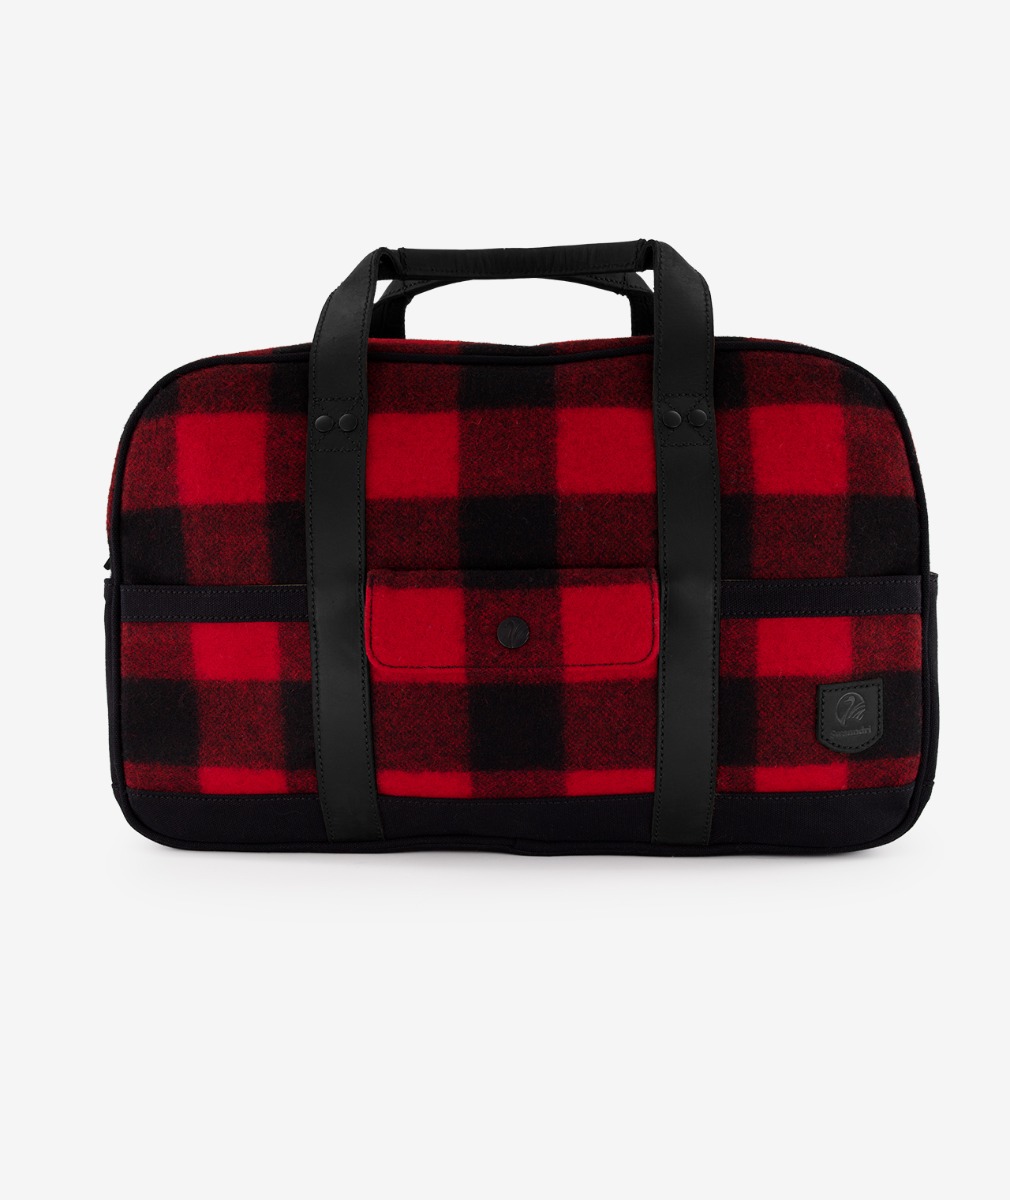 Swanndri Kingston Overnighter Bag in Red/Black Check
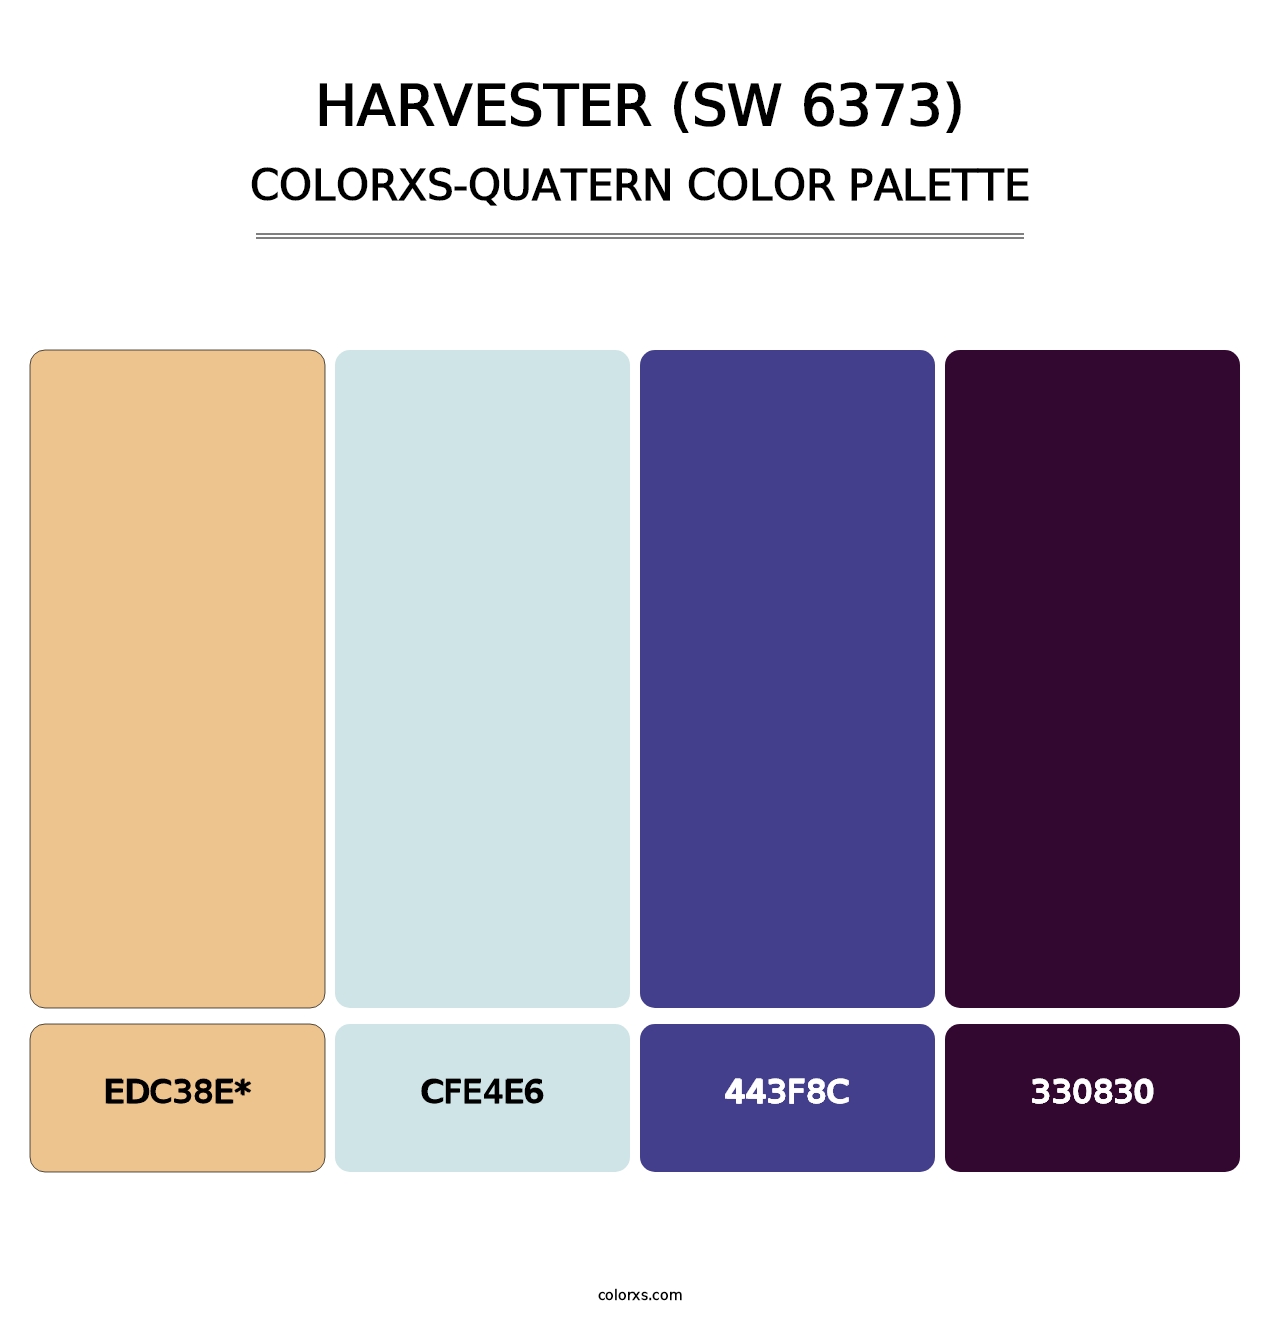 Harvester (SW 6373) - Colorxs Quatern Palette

....................

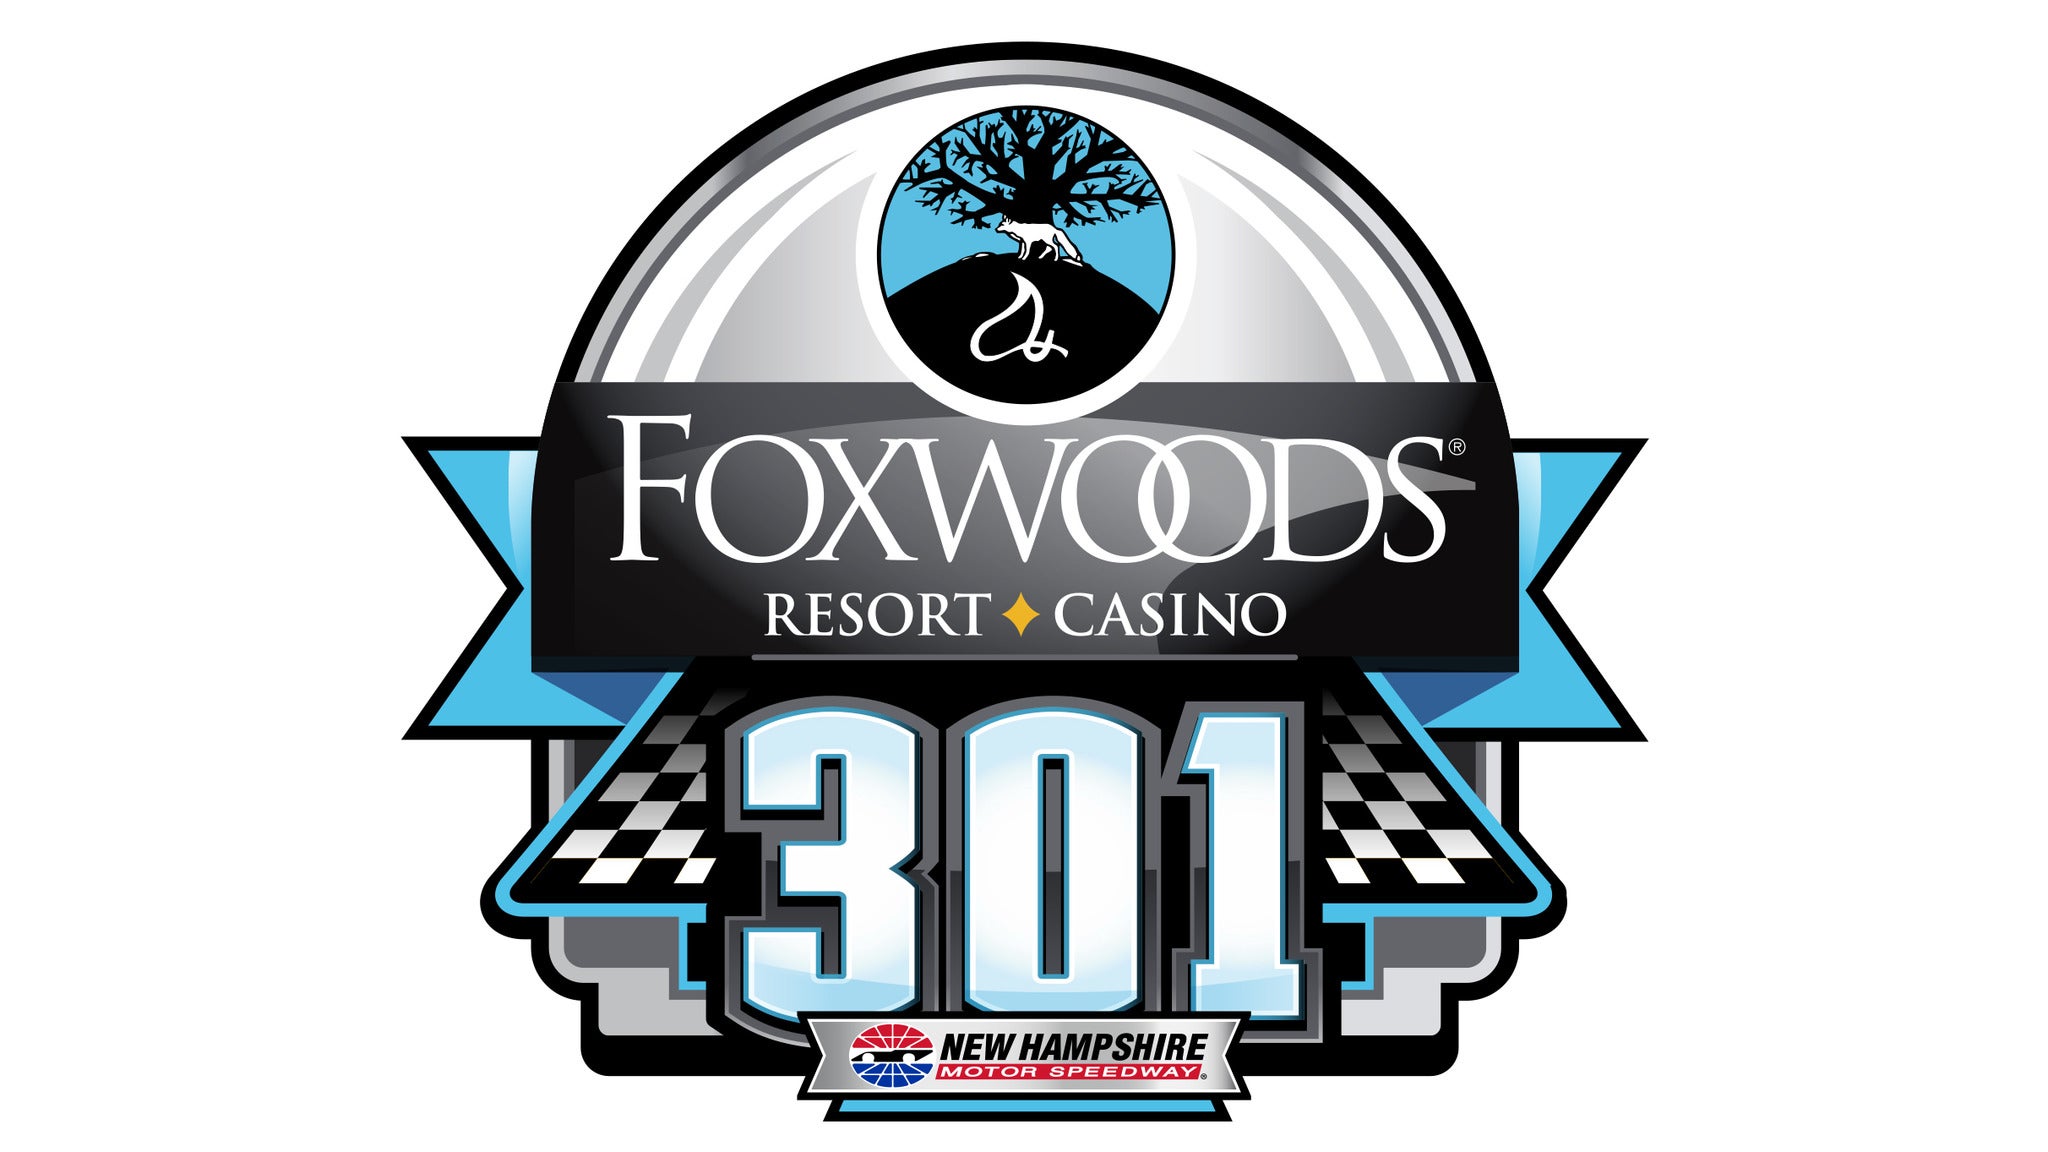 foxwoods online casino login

....................

_Description of the task_
From the material above, give again exactly the lines from the one that contains "Swanndri Kingston Overnighter" through the one that contains "Harvester (SW 6373)", and leave out the pictures.

_Final answer_
 Swanndri Kingston Overnighter Bag in Red/Black Check
 Harvester (SW 6373) - Colorxs Quatern Palette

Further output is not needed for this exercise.